=== Data for analysis ===
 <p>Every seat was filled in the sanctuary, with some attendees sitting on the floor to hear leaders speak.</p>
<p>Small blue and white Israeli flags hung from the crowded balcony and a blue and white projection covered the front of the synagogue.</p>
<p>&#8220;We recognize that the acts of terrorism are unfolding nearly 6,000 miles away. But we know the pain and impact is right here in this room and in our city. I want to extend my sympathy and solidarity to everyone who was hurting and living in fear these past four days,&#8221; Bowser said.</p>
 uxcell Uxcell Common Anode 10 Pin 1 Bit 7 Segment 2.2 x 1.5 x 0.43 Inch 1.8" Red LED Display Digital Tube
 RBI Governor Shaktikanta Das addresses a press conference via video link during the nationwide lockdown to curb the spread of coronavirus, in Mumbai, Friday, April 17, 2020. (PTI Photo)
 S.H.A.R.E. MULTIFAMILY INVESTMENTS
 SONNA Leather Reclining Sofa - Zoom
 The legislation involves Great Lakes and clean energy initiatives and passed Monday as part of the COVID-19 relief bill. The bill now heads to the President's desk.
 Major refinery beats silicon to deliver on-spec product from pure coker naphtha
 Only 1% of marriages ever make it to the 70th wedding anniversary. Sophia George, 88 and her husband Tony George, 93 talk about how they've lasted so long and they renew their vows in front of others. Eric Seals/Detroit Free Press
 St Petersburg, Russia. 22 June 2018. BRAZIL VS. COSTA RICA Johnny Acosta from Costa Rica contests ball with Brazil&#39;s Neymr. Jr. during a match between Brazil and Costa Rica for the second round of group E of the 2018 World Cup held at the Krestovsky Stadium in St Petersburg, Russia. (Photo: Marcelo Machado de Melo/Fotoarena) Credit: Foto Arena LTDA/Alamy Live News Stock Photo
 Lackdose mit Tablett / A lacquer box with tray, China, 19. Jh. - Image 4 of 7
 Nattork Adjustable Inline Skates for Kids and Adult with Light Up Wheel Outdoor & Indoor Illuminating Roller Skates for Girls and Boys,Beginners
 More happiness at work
===
Description of the task –
Without changing anything, repeat every record above.

The answer –
 <p>Every seat was filled in the sanctuary, with some attendees sitting on the floor to hear leaders speak.</p>
<p>Small blue and white Israeli flags hung from the crowded balcony and a blue and white projection covered the front of the synagogue.</p>
<p>&#8220;We recognize that the acts of terrorism are unfolding nearly 6,000 miles away. But we know the pain and impact is right here in this room and in our city. I want to extend my sympathy and solidarity to everyone who was hurting and living in fear these past four days,&#8221; Bowser said.</p>
 uxcell Uxcell Common Anode 10 Pin 1 Bit 7 Segment 2.2 x 1.5 x 0.43 Inch 1.8" Red LED Display Digital Tube
 RBI Governor Shaktikanta Das addresses a press conference via video link during the nationwide lockdown to curb the spread of coronavirus, in Mumbai, Friday, April 17, 2020. (PTI Photo)
 S.H.A.R.E. MULTIFAMILY INVESTMENTS
 SONNA Leather Reclining Sofa - Zoom
 The legislation involves Great Lakes and clean energy initiatives and passed Monday as part of the COVID-19 relief bill. The bill now heads to the President's desk.
 Major refinery beats silicon to deliver on-spec product from pure coker naphtha
 Only 1% of marriages ever make it to the 70th wedding anniversary. Sophia George, 88 and her husband Tony George, 93 talk about how they've lasted so long and they renew their vows in front of others. Eric Seals/Detroit Free Press
 St Petersburg, Russia. 22 June 2018. BRAZIL VS. COSTA RICA Johnny Acosta from Costa Rica contests ball with Brazil&#39;s Neymr. Jr. during a match between Brazil and Costa Rica for the second round of group E of the 2018 World Cup held at the Krestovsky Stadium in St Petersburg, Russia. (Photo: Marcelo Machado de Melo/Fotoarena) Credit: Foto Arena LTDA/Alamy Live News Stock Photo
 Lackdose mit Tablett / A lacquer box with tray, China, 19. Jh. - Image 4 of 7
 Nattork Adjustable Inline Skates for Kids and Adult with Light Up Wheel Outdoor & Indoor Illuminating Roller Skates for Girls and Boys,Beginners
 More happiness at work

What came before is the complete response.